■ THE TASK
Before you return the lines below, strip out any images and keep every word as written.

■ DATA EXCERPT
•••

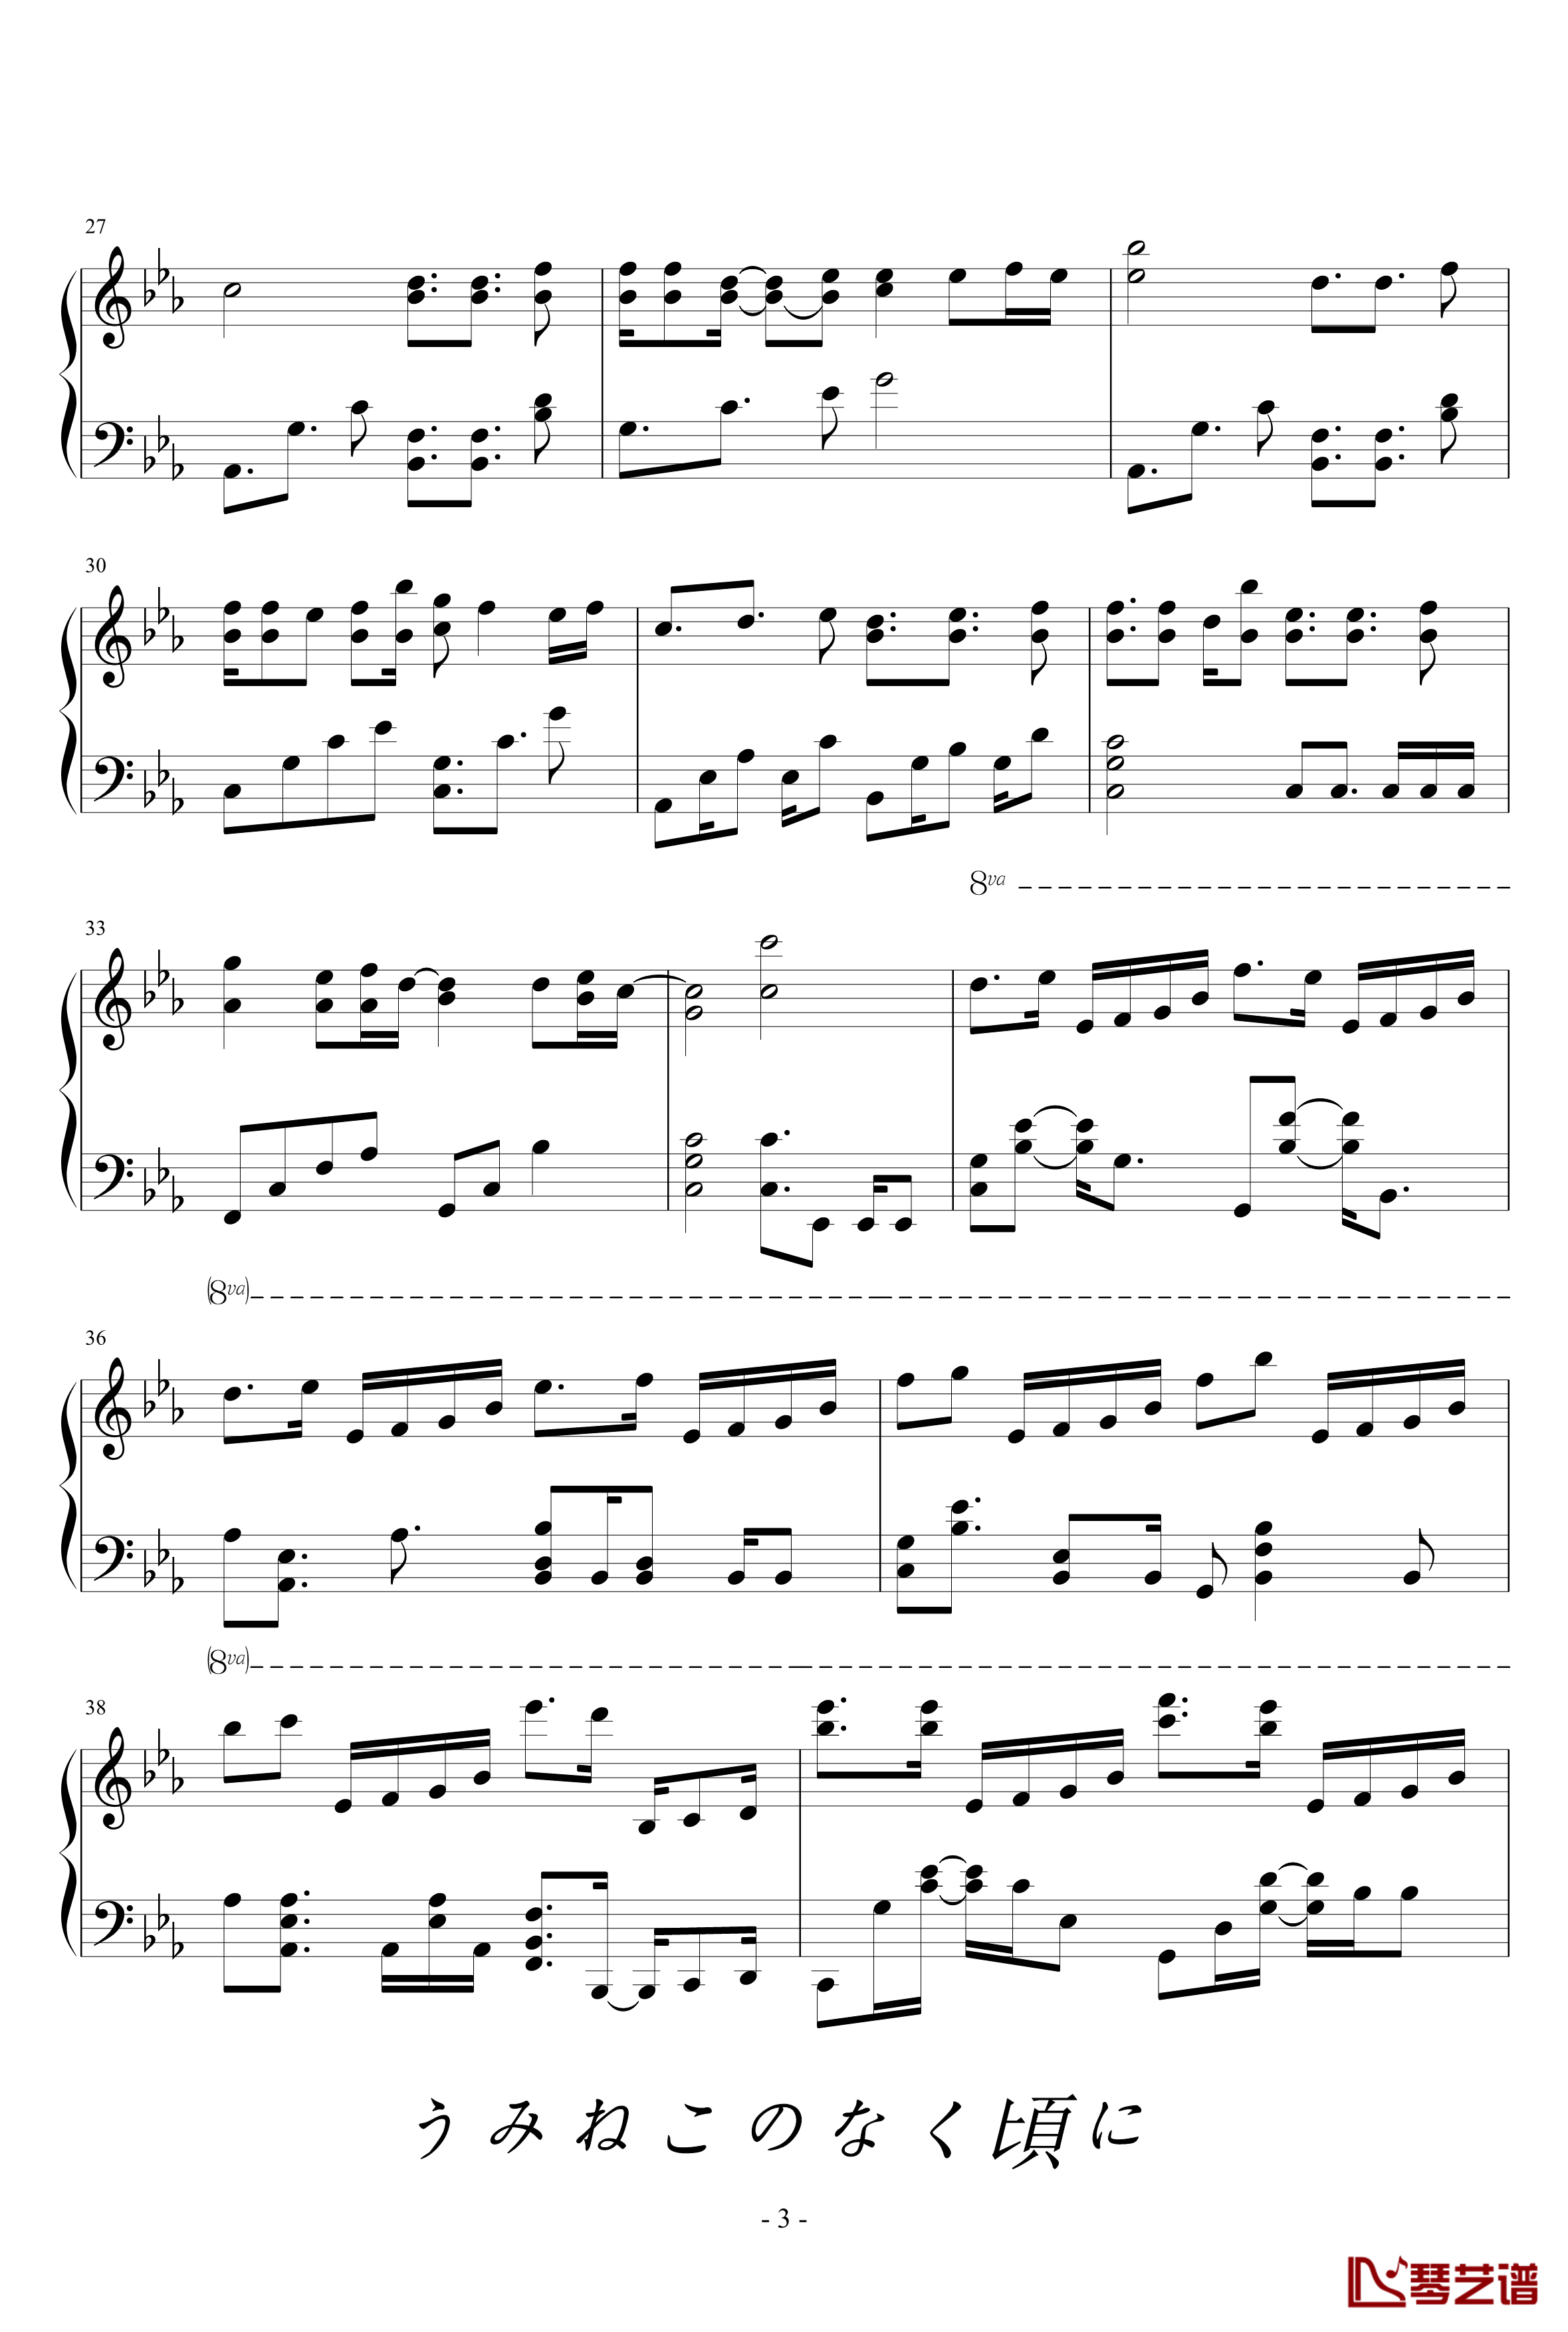 海猫BGM钢琴谱-Answer-海猫鸣泣之时3
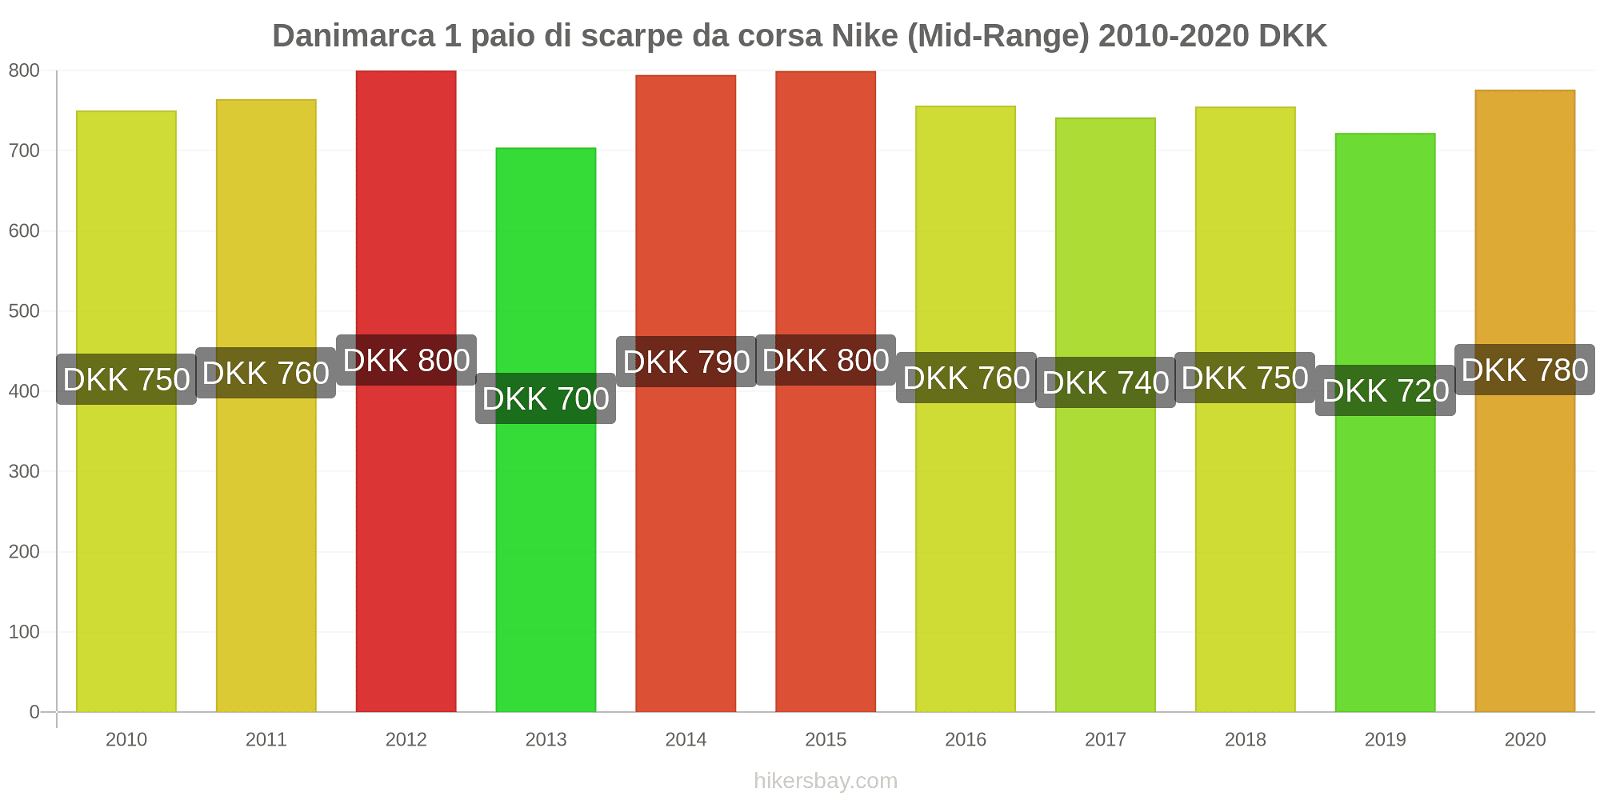 Danimarca variazioni di prezzo 1 paio di scarpe da corsa Nike (simile) hikersbay.com
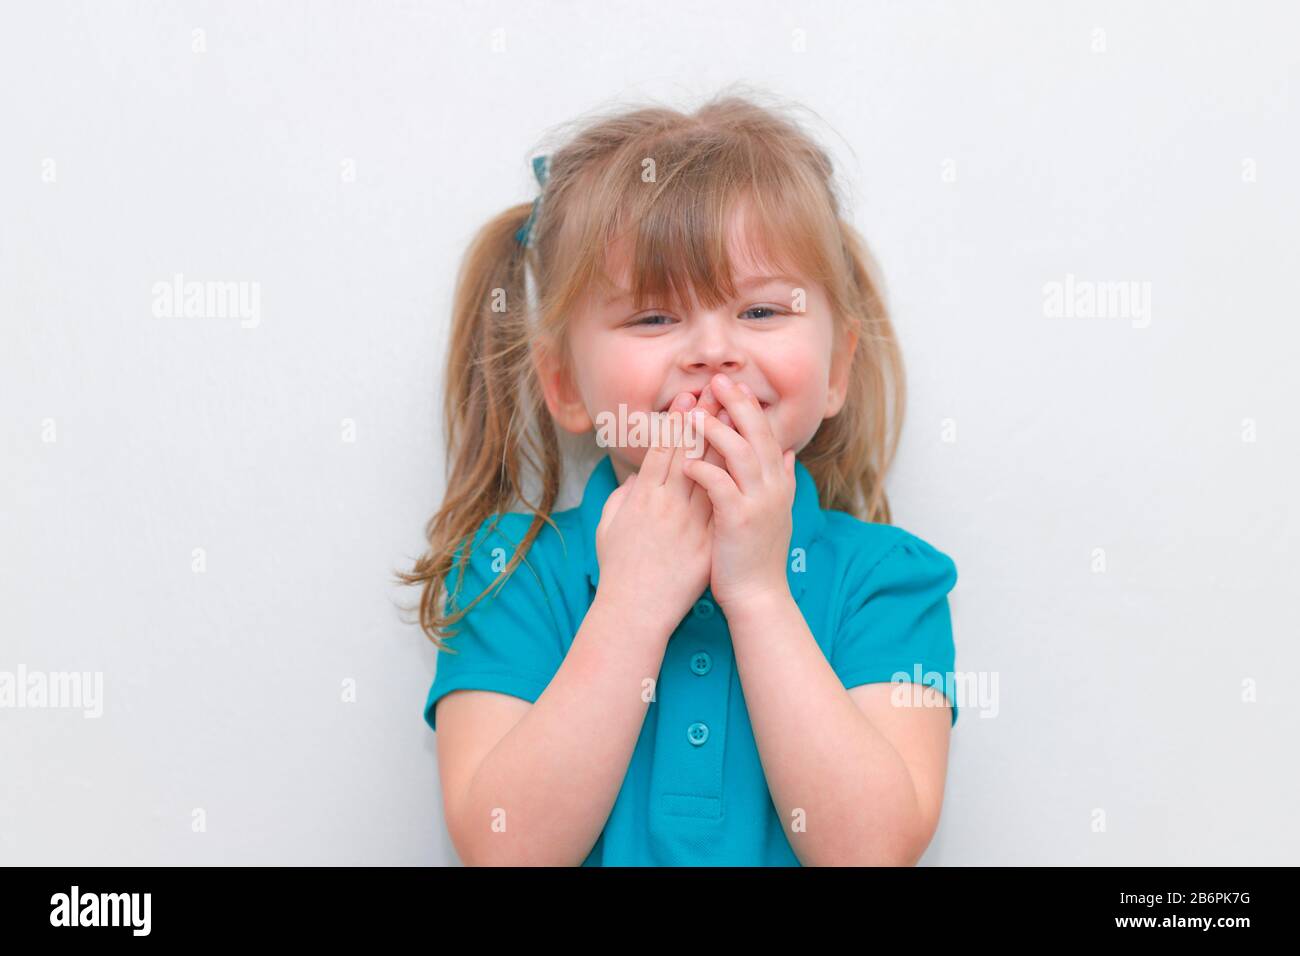 Une fille de 4 ans en riant Banque D'Images
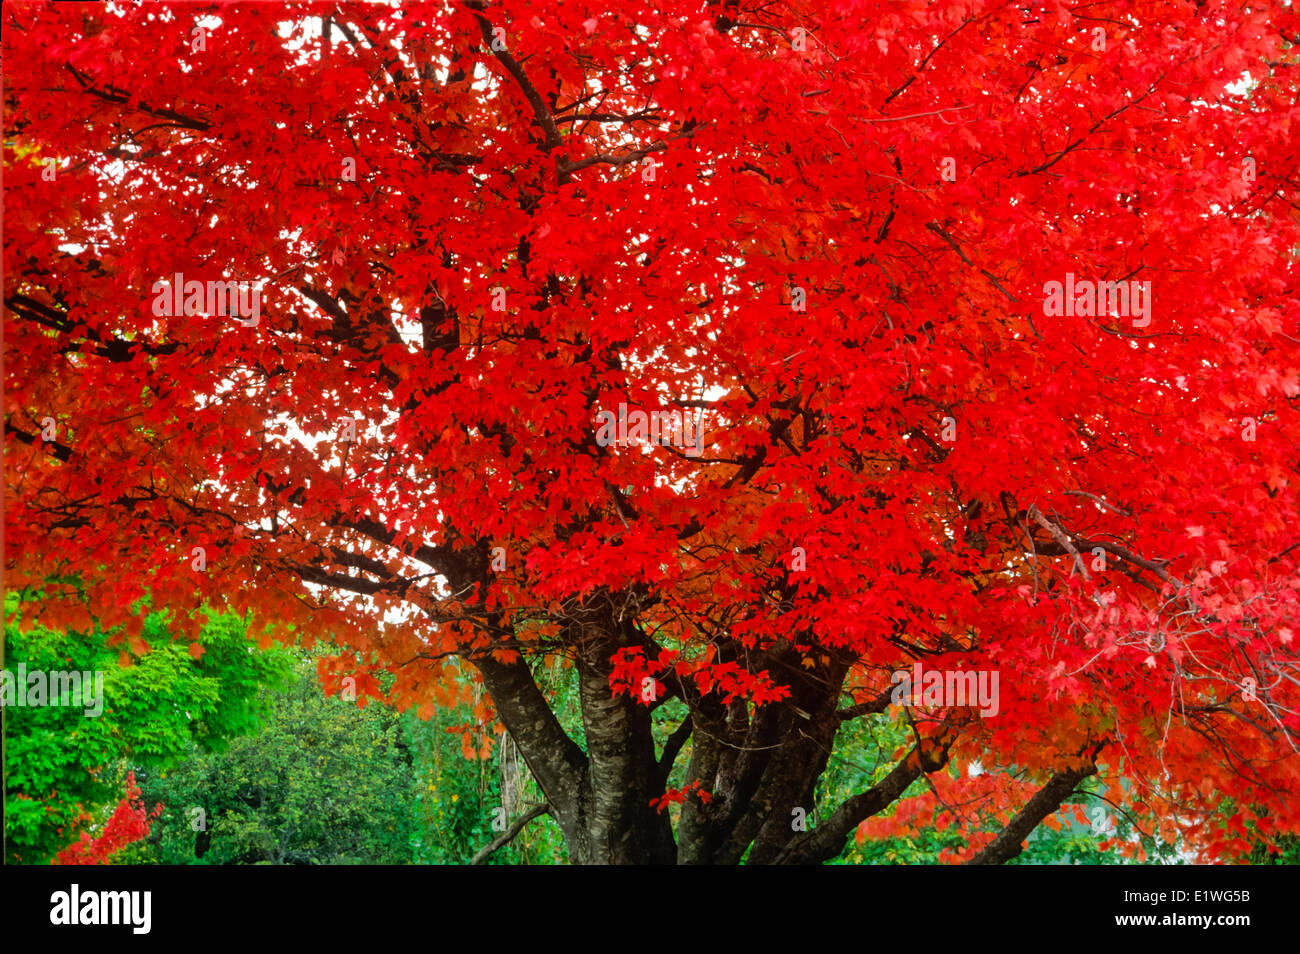 cin fall foliage, Windsor, Nova Scotia, Canada Stock Photo

•••

■ EXERCISE ANSWER
 海猫BGM钢琴谱-Answer-海猫鸣泣之时3
 Danimarca variazioni di prezzo 1 paio di scarpe da corsa Nike (simile) hikersbay.com
 Une fille de 4 ans en riant Banque D'Images
 cin fall foliage, Windsor, Nova Scotia, Canada Stock Photo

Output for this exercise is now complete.